### About this task
Copying rule for the data below: take the line containing "- LPG İkmal" and every line after it to the end, exactly, and drop all pictures.

### Source data

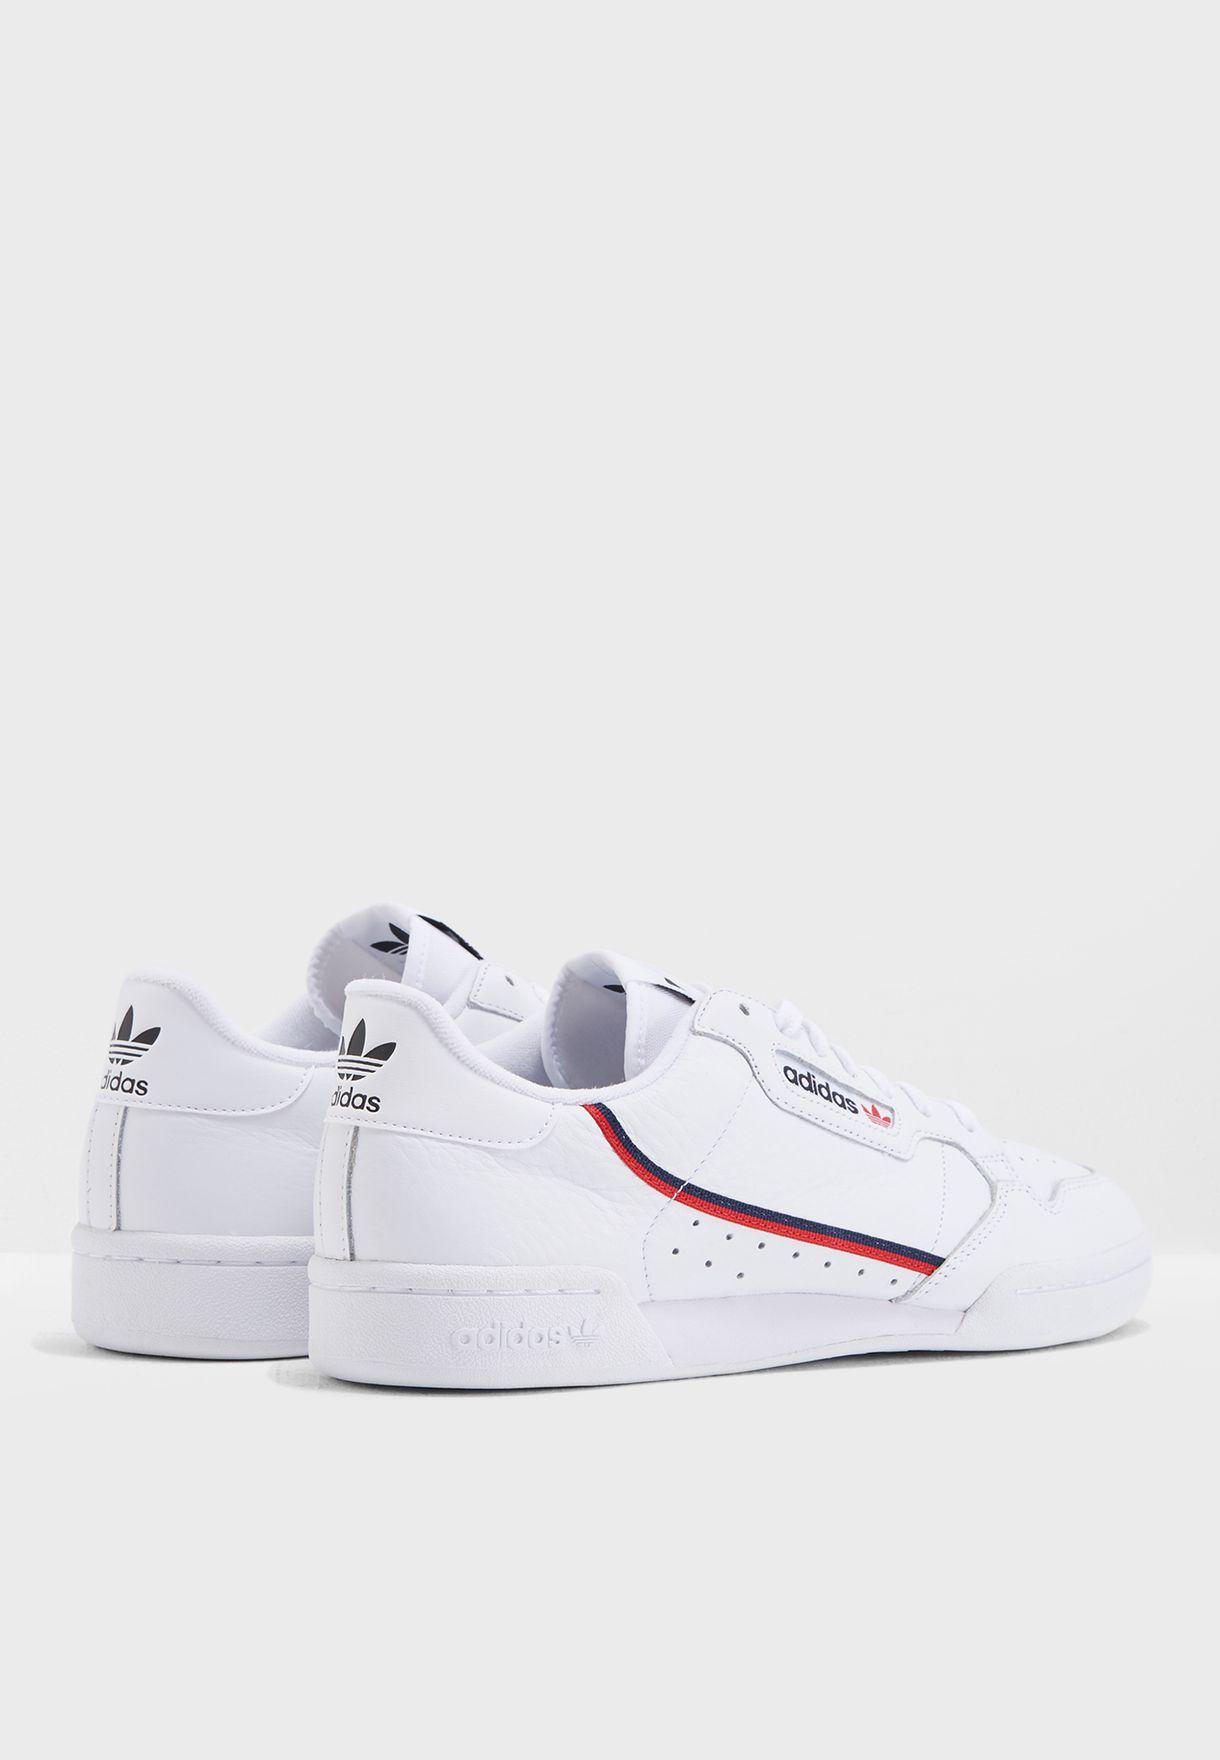 new arrival 4ea9e 1f6a9 adidas Originals. Continental 80
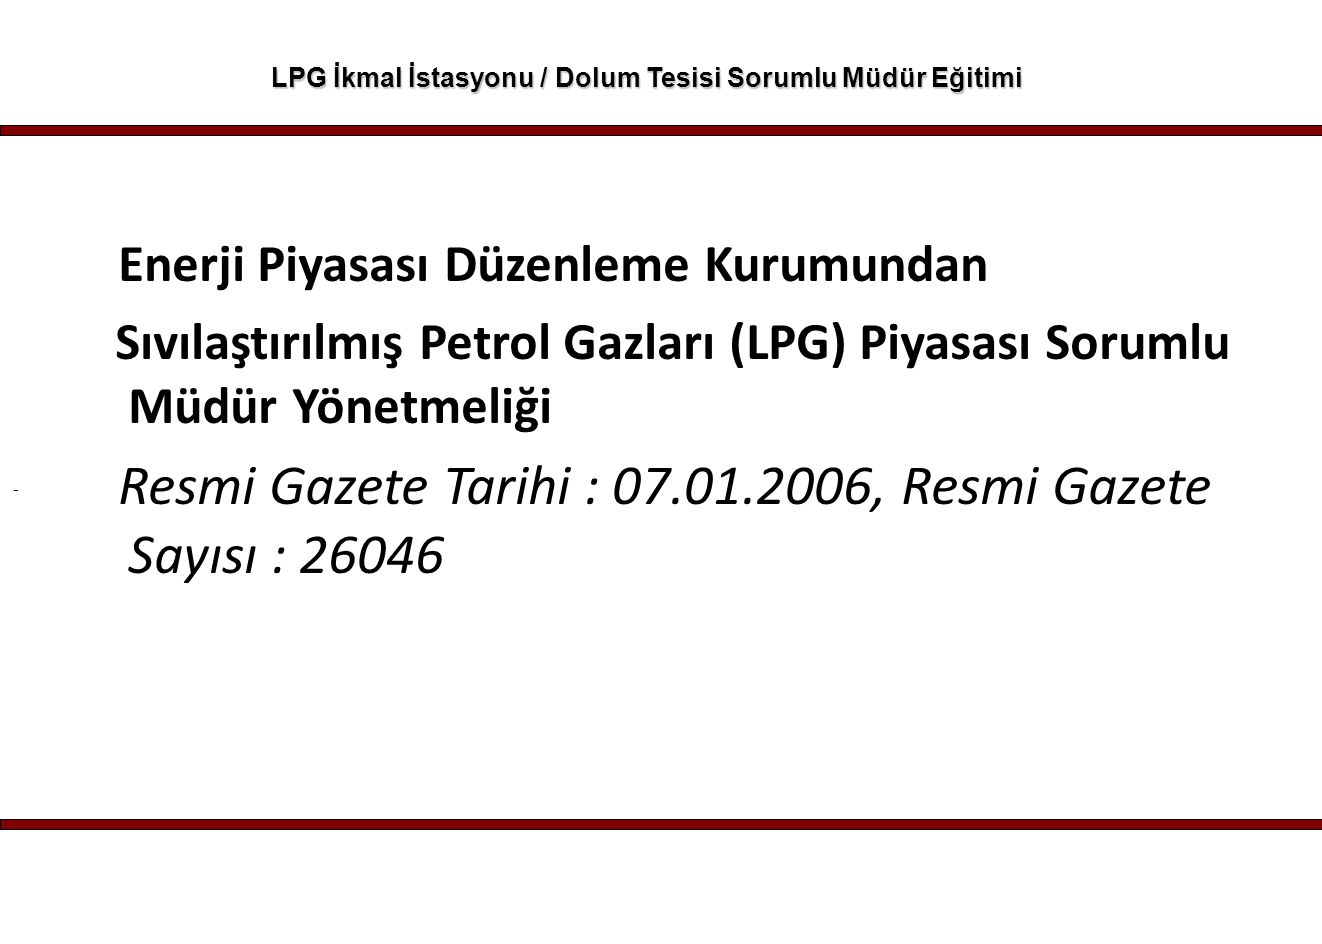 - LPG İkmal İstasyonu / Dolum Tesisi Sorumlu Müdür Eğitimi Kapsam LPG Otogaz İstasyonu veya Dolum Tesisinde sorumlu müdür olarak çalışan Oda üyelerinin, TMMOB Petrol Mühendisleri Odası tarafından belgelendirilmesi koşullarını ve esaslarını belirler.
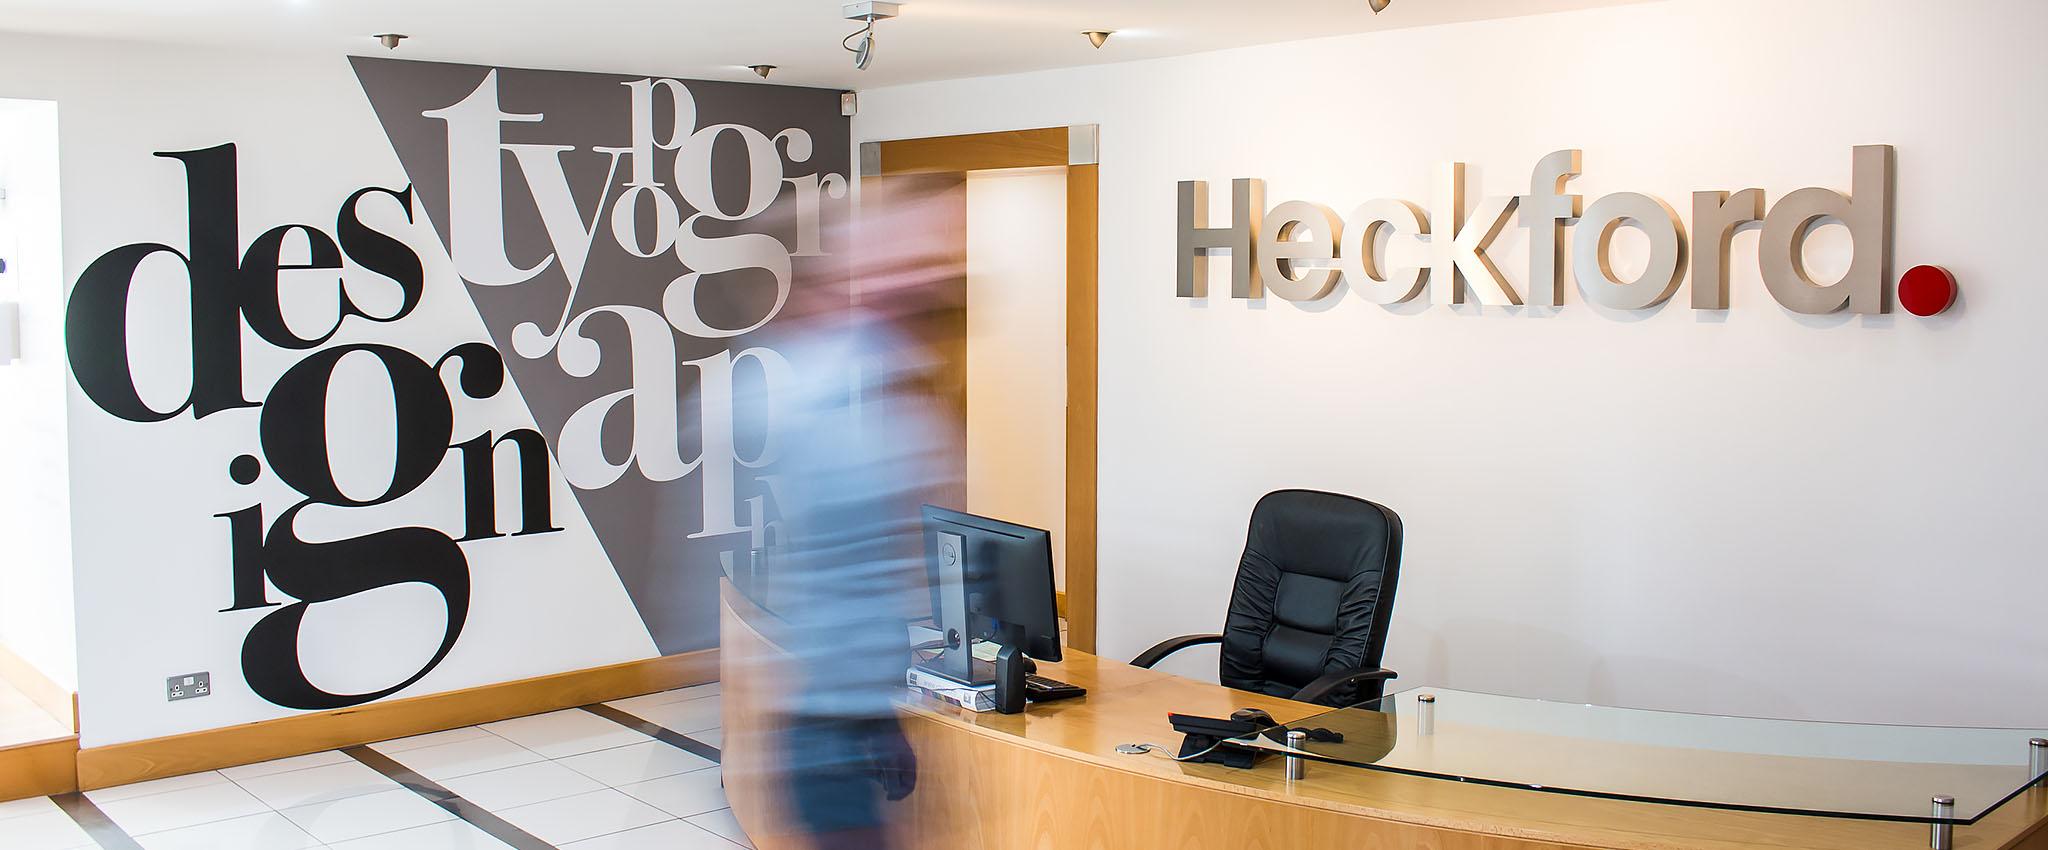 Heckford Marketing Agency

### Result for this task
 - LPG İkmal İstasyonu / Dolum Tesisi Sorumlu Müdür Eğitimi Kapsam LPG Otogaz İstasyonu veya Dolum Tesisinde sorumlu müdür olarak çalışan Oda üyelerinin, TMMOB Petrol Mühendisleri Odası tarafından belgelendirilmesi koşullarını ve esaslarını belirler.
 Heckford Marketing Agency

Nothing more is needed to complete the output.